There is nothing wrong with being preveleged, in fact everyone must be preveleged and people must brag about being preveleged because its good. BUT when you do not want other people to be preveleged too, it becomes a problem.

If you look at BEE, EE, AA, etc policies, they don't say fire white people and employ black people. Because if it was that easy, it would take a year to complete. What these policies ask for is for companies to pay attention to representation when recruiting. They ask companies to have long term transfomation plans and impliment them. These policies are there to level the play field. They don't say if you have unqualified black candidate competing with a white candidate, employ the black candidate. Instead they say if you have equally qualified and experienced candidates consider transfomation. If they were that forcefull we would be seeing the department of labour taking companies to court for breaking the law.

There is a group of white people that is lagging behind if you use the apartheid times as your "barometer". They are lagging behind now because the play field is a bit more level now then it was in the past. The white people that are pushing harder in the current scenario are doing even much better for themselves. 

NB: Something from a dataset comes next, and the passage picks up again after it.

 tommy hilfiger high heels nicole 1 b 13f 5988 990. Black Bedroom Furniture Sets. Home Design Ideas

What I think you don't understand is that apartheid helped the poor white people more than the rich white people as the aim was to ensure there is no poor whites. Unlike apartheid, BEE, EE, AA, etc. help those who want to help themselves without really putting anyone in a disadvantage position. They acourage Equality and Fairness as oppose to the media belief that they discriminate unfairly.

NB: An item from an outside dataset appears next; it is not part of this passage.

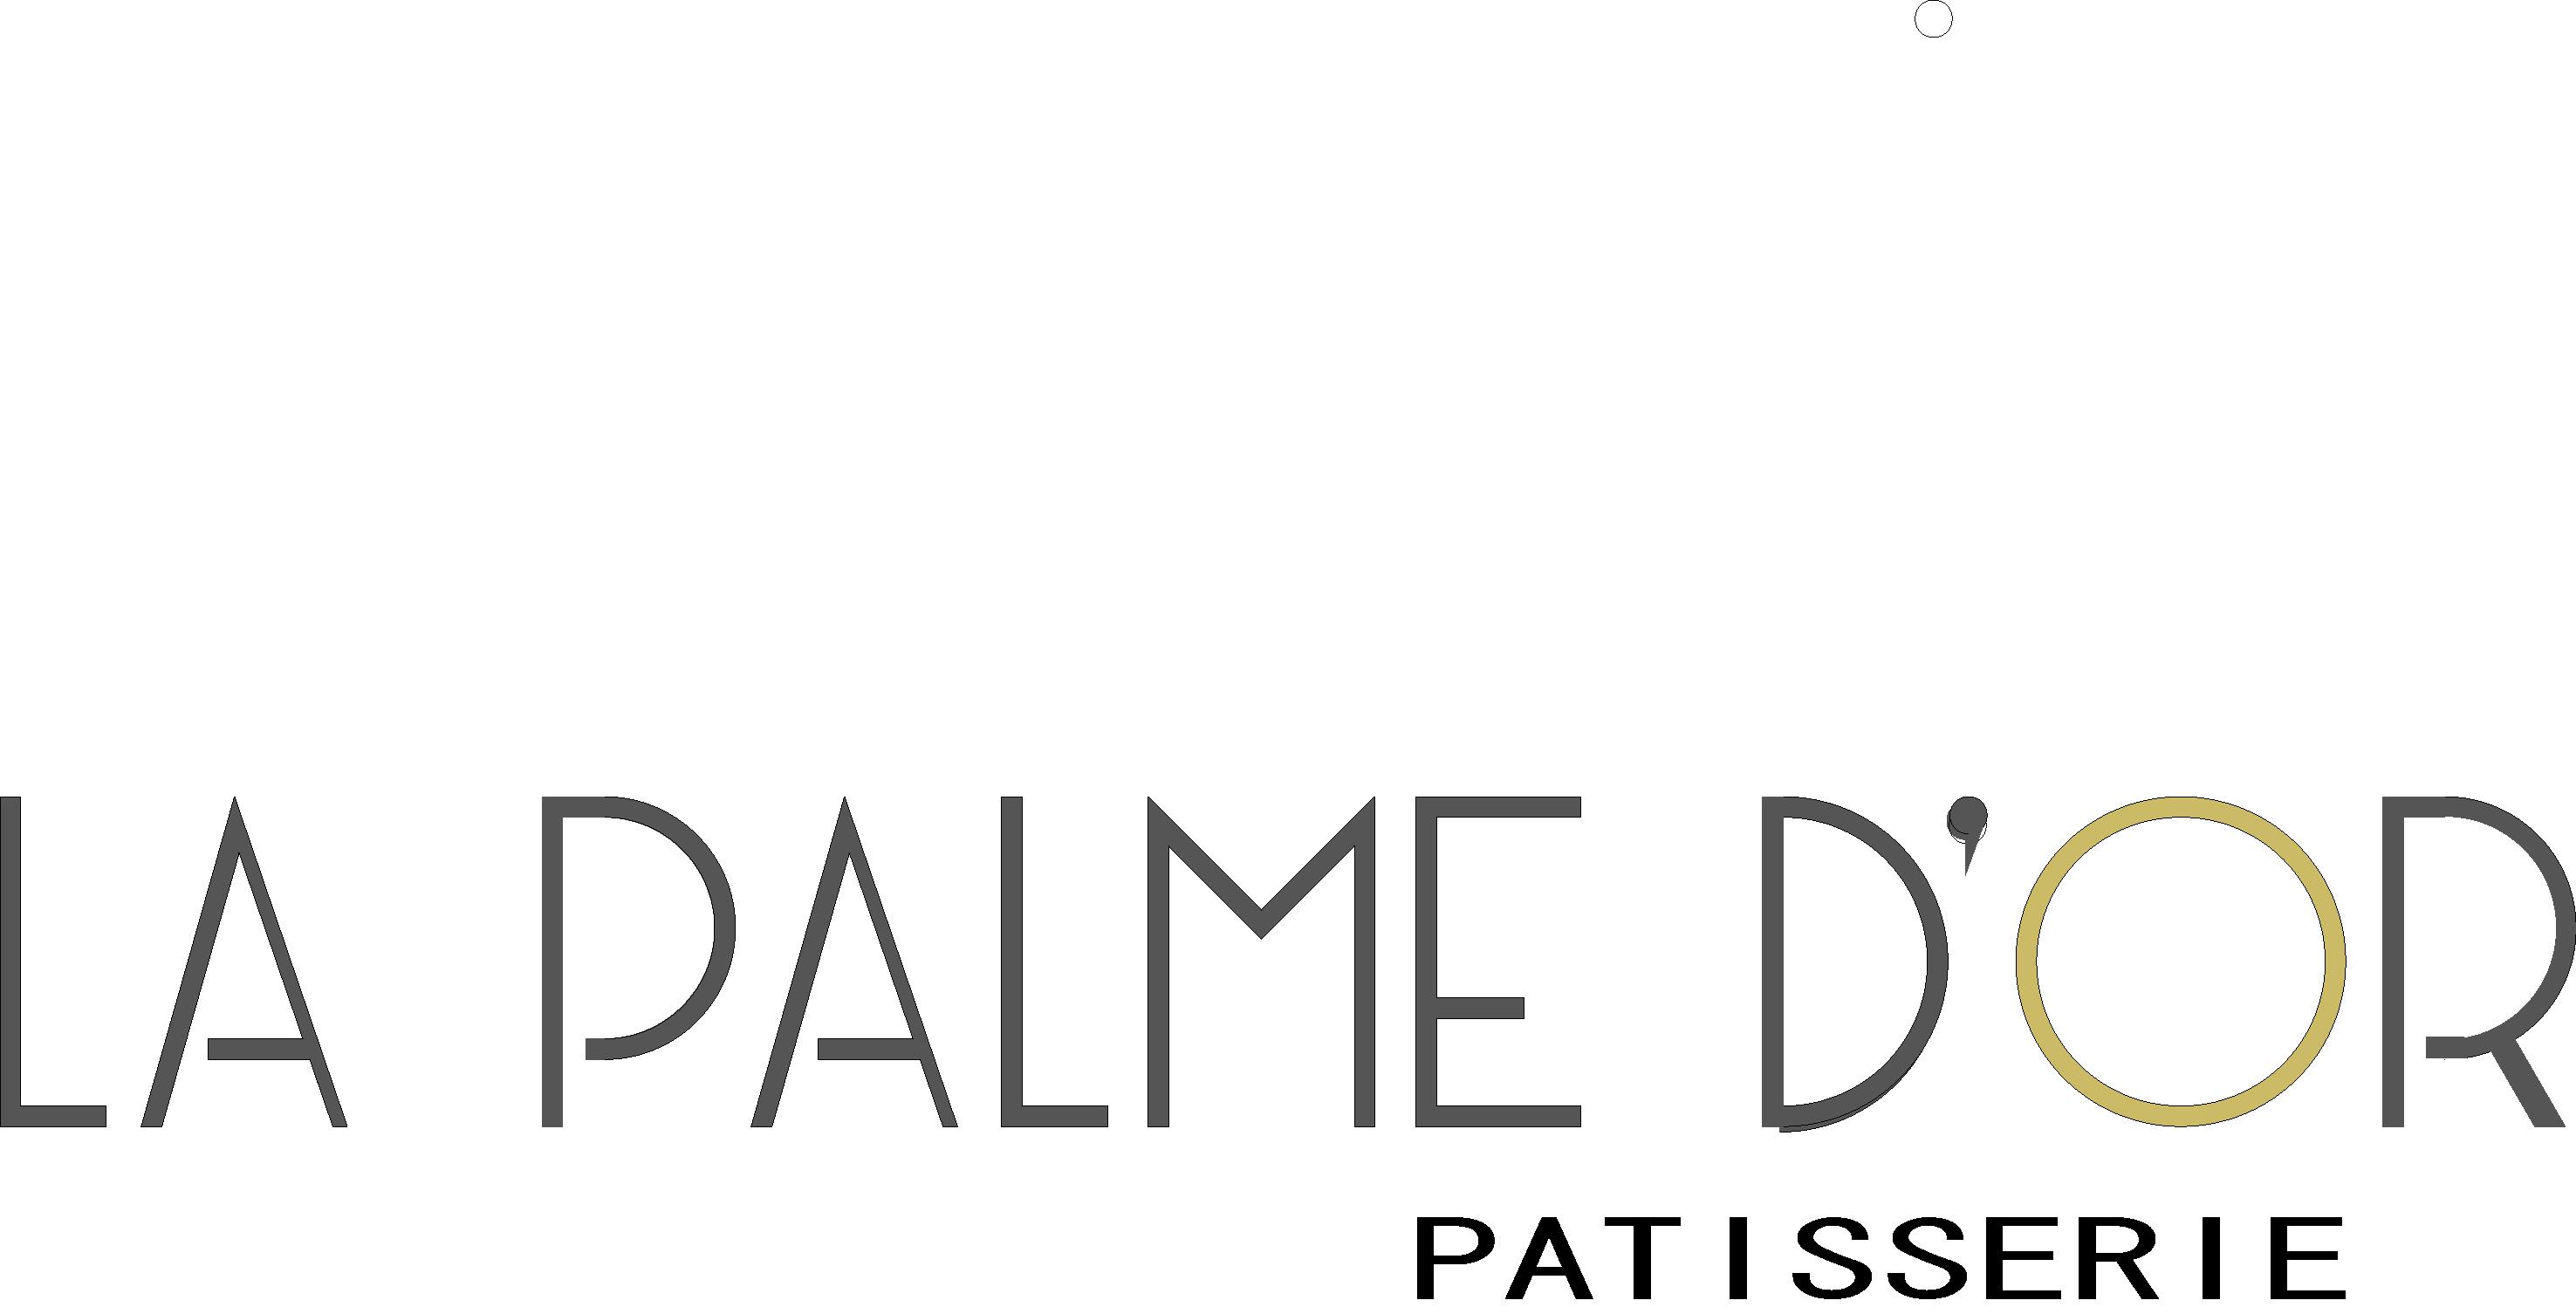 파티세리 라 팜므 도르 (Patisserie La Palme D'or) Logo

The myth that no matter what your qualifications and experience is, if you are white you will be in a disadvantave is just that - a myth. Because if that was the case, you will also have white people with degrees working as waiters, petrol attendants, car washers, machine operators, etc.

And skills shortage problem is there because big business are no longer willing to absorb as much graduates as they did in the past. The ones they do absorb are not representative (politically) of the numbers that graduate.

The "majority" does not want to see "all whites have been removed from the land and from business, sitting in a poor unprivilege scenario". They want the privilege to be extended to them as well.

----------


## Muzi Oscar

Ian,

Its a bit more compicated than just saying forget the past and move on.
Lets say we do that and look at the following scenarios:
John's father got a foreman position in a factory in Germiston in 1981 because he is white, (against Sipho's father who had the same experience as an operator in the same factory as John's father). By 1994 John's father was a production manager and John completed his Matric in a private school. By 2009 John was a Middle Manager in a JSE listed company.
On the other hand, after matric in 1994 Sipho's father could not afford tertiary education for Sipho because the previous government did not allow his income to grow as John's father did. Now Sipho is working as a machine operator and in 2009 he just got promoted to Production Manager with the help of EE or AA policies. Even though he could not achieve what John has achieved, at least the poverty chain is broken as he can save for the education of his children.

Now, if in 1994 the new government said "forget about correcting the past" do you think Sipho's bosses who (not their fault, but being socially engineered by apartheid) trully believe that black people are not as capable as white would have promoted Sipho without being pointed to that direction. i doubt.... Apartheid will still haunt us, at least the current generation.

So, Ian, lets think a little bit deeper before formualting our beliefs.

----------


## Marq

Muzi - there you go again assuming that you know me and accusing me of things you know nothing about. 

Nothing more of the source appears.